PROVIDENCE, R.I. (WPRI) — The Providence City Council has taken the first step to formally reclassify a would-be police major job to a civilian role, after Mayor Jorge Elorza drew criticism for unexpectedly naming a civilian to the high-ranking police job.

City Council President John Igliozzi introduced amendments to the city budget at Thursday night’s meeting that would remove the new police major job — which the council approved and funded earlier this year — and instead add a “public safety community police liaison” position to the public safety commissioner’s office.

“There will no longer be a police major who’s a civilian,” Igliozzi said in an interview. “That’s not happening.”

The proposed amendments also decrease the salary range for the job to a range of $99,517 to $125,905, down from the originally-approved salary range of $116,666 to $137,157.

The proposal was referred to the Council Finance Committee for consideration, and a hearing is expected next week.

Elorza appointed city recreation director Michael Stephens to be a police major earlier this month, sparking both derision and praise, since Stephens is a not a police officer and doesn’t have law enforcement experience.

The new position is designed to improve community-police relations and oversee the diversion of certain calls away from police, in addition to overseeing recruitment, training and promotions at the police department.

The job was announced back in January and was later approved in the city budget by the council, but was expected to be given to a law enforcement officer. (The original job description required 10 years of law enforcement experience and a related bachelor’s degree, but was later amended.)

Police majors are among the highest-ranking sworn officers in Providence, just below the chief and deputy chief. The department currently has four majors.

Shortly after the announcement that Stephens would be “sworn in” as a police major, Igliozzi said the council had expected a lower-ranking police officer to be promoted to the job.

“When the mayor chose to take a different train, a different track, and appoint a civilian to become a Providence police officer without any background, training, certification or anything, it was completely contrary to the entire concept,” Igliozzi said.

He said Elorza’s decision had left him in “disbelief.” A veto-proof majority of councilors signed on to a letter asking for the job to be reclassified.

Elorza said Wednesday he does not support the changes to the budget as written, but said he is in talks with Igliozzi about amending the ordinances before passage.

The mayor acknowledged that the job was not originally conceived as a civilian role.

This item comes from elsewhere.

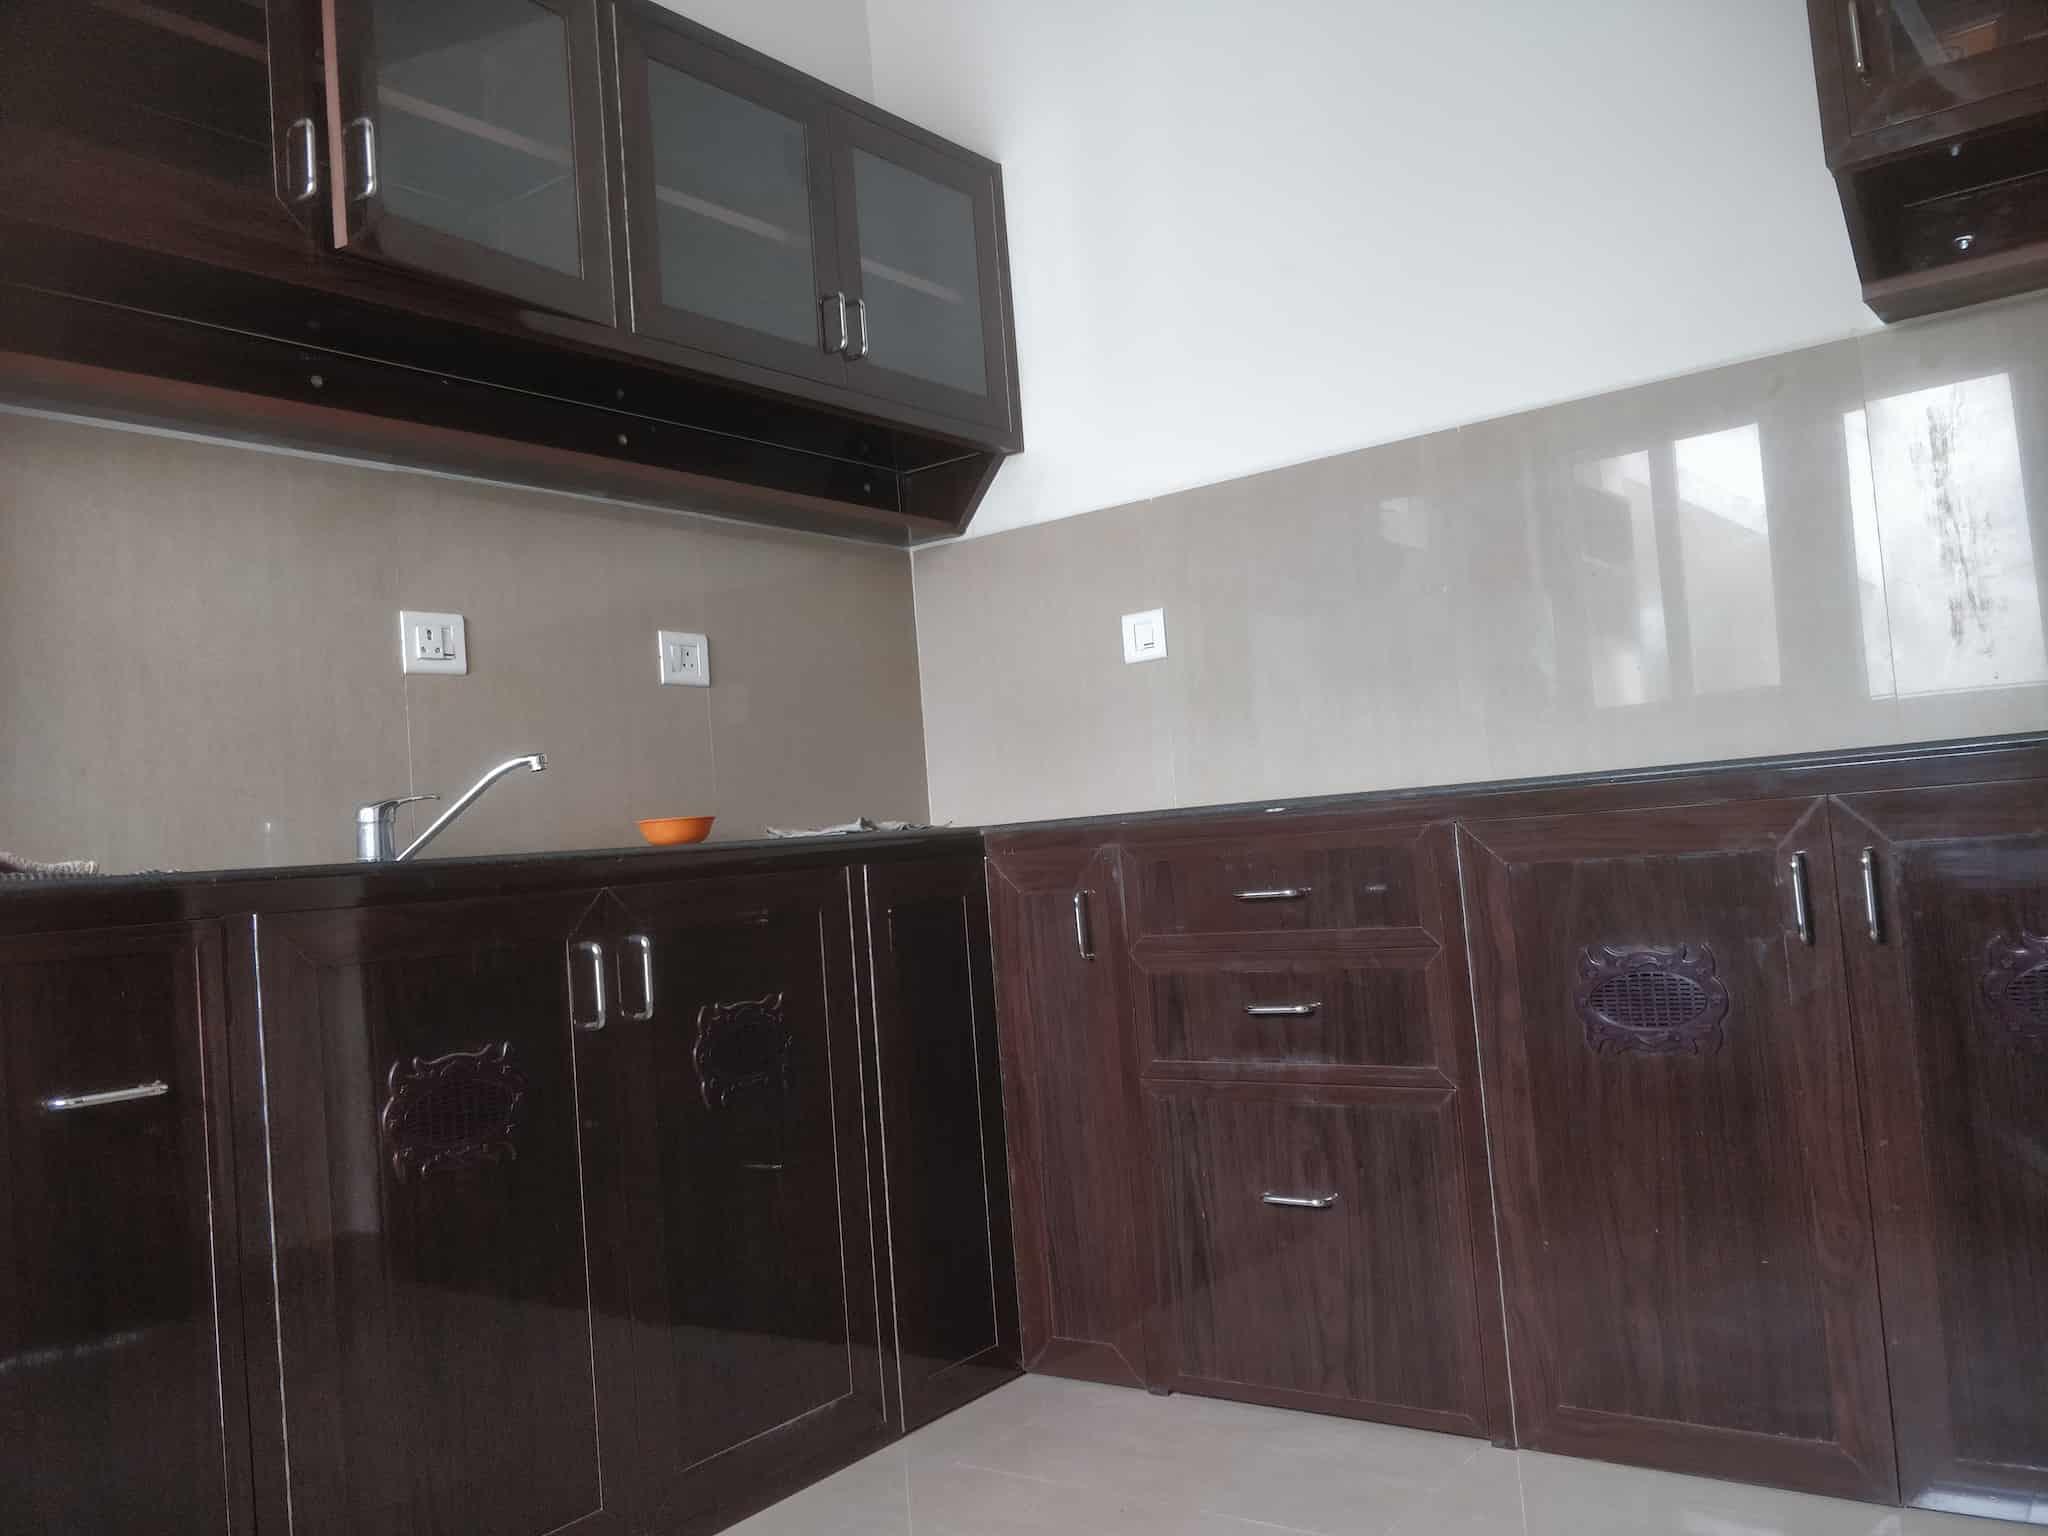 Top 30 Pvc Modular Kitchen Wholesalers In Adyar Best Pvc Modular Kitchen Wholesalers Chennai Justdial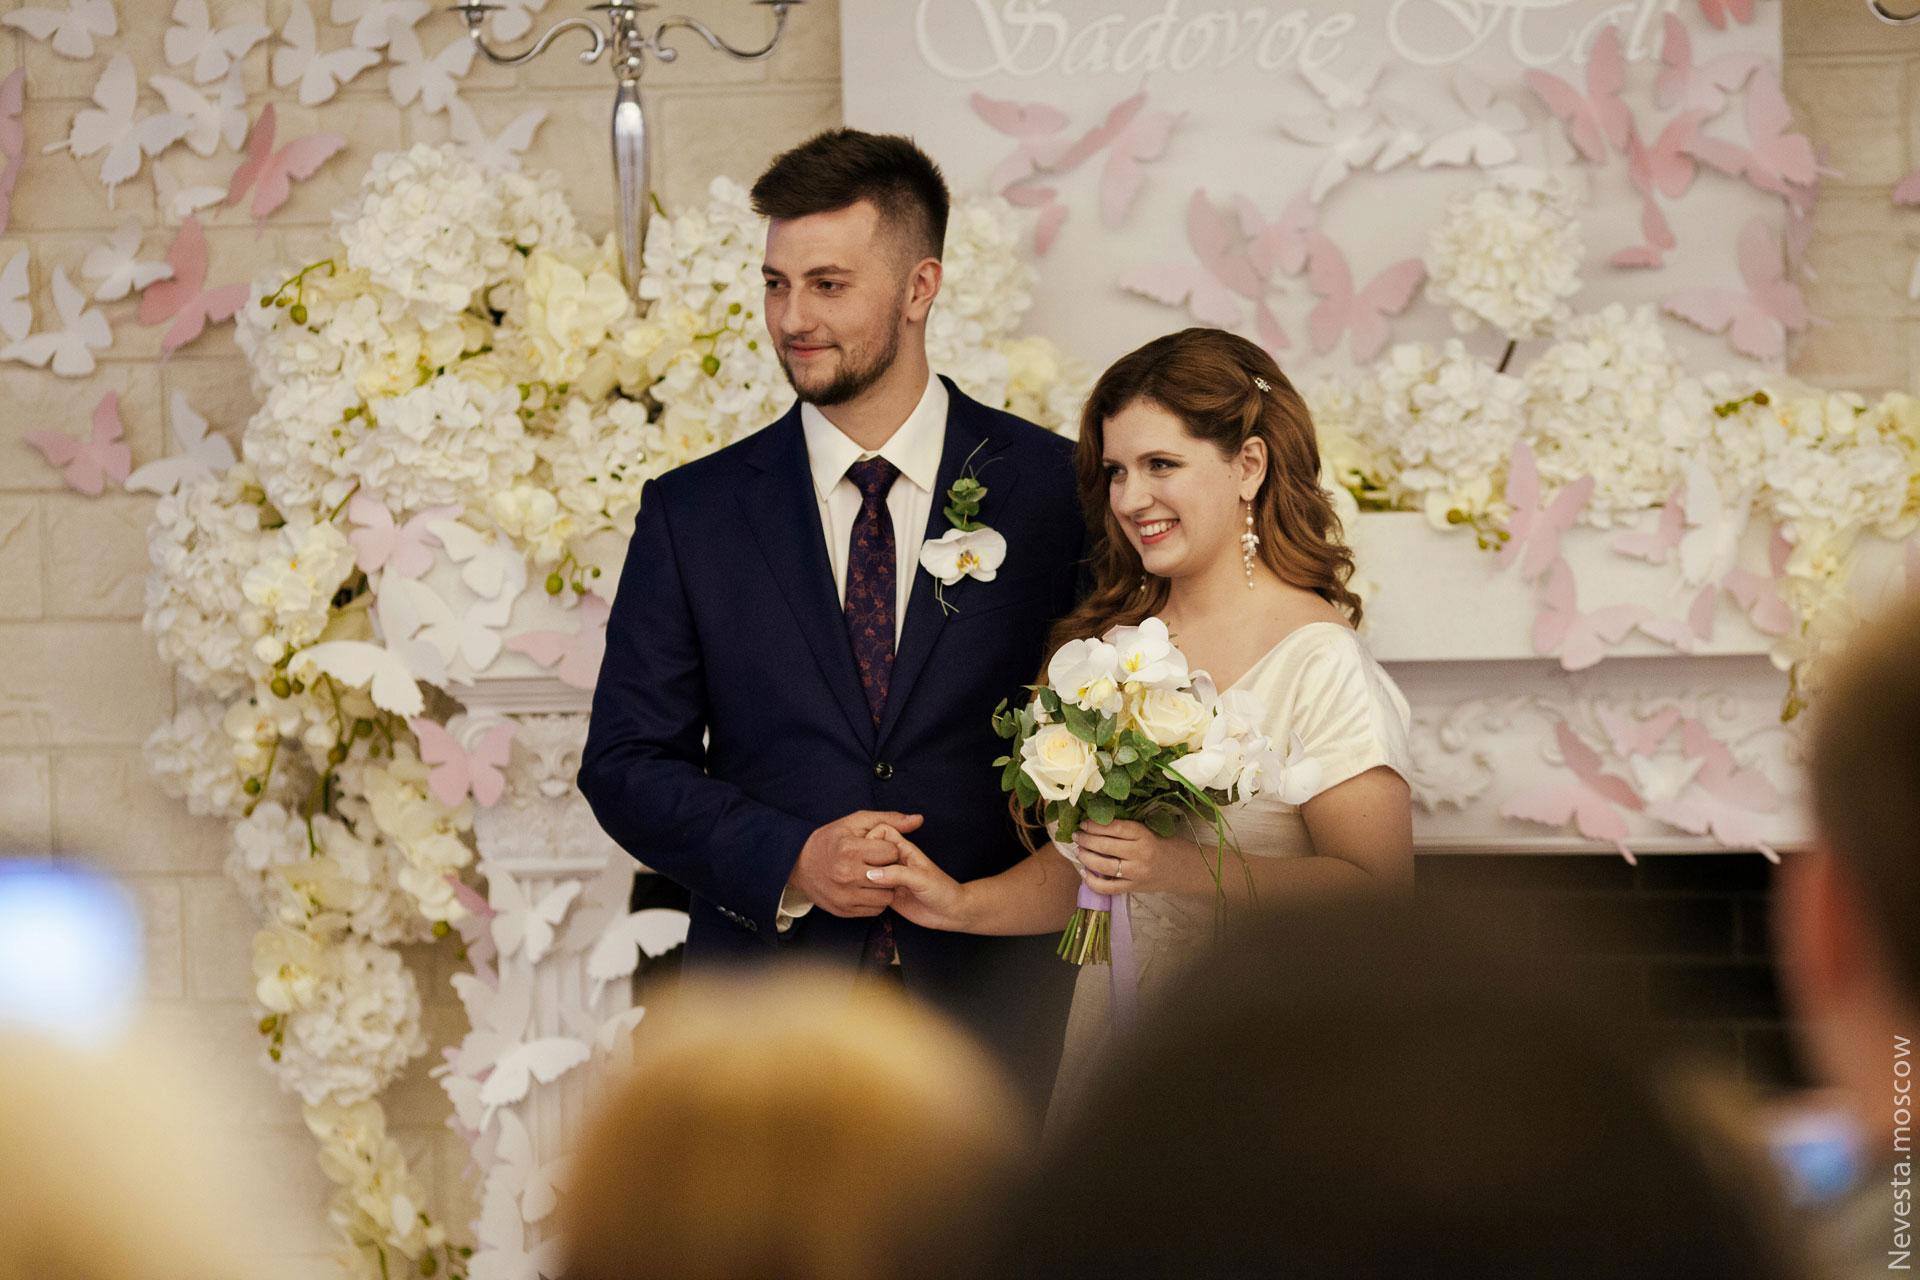 Свадьба Анастасии Денисовой и Богдана  фото 18

“This wasn’t the direction that we were contemplating,” Elorza said. “But when we reviewed all of the résumés, he stood out because of what he brings to the table, because of his deep relationships in the community. I think a lot of people were surprised, but with that said this was a decision that we had a process, with a committee that put the names forward, myself, the commissioner and the chief were in agreement that Mike Stephens was the best person for this role.”

Elorza’s office has declined to provide the list of finalists for the job, nor have his spokespersons responded to questions about the salary Stephens was offered. His office said 43 people applied, and seven of them were interviewed by a hiring committee.

Col. Hugh Clements, the police chief, said Stephens will not have a gun, uniform or be a sworn police officer. He also won’t run the police academy, which was part of the original job description.

“I support that they’re moving to make it a civilian title,” Clements said Thursday. He said he disagreed with the council’s proposal to put the job under the public safety commissioner’s office.

“I would recommend that it falls under the police department,” he said, adding that he believes Stephens is the right person for the job.

Discussions are still underway about Stephens’ job description, which is unlikely to match the original plan.

Rank-and-file officers both privately and publicly criticized Elorza for initially appointing Stephens as a major.

“Mr. Stephens is obviously an incredible resource when it comes to community relations and bridging the gap between the community and Police,” the Fraternal Order of Police Lodge #3 wrote on its Facebook page, but warned, “we are sure he would agree he has limited credentials at best when concerning police related matters.”

“The idea may have been correct, but the process was wrong,” said Lt. Charles Wilson, chairman of the National Association of Black Law Enforcement Officers. “If you are going to direct the activities of police officers, you need to understand fully what their job is and how and why they do their job.”

But the appointment was praised by Harrison Tuttle, executive director of the Black Lives Matter R.I. PAC.

“I think this will breed a sense of comfortability with people in Providence because they know this person has spent his entire life centered around their best interests,” Tuttle said. “I think when people look for public safety, they look for people that they are close with and have a relationship with.”

Stephens’ first day on the job has not yet been determined.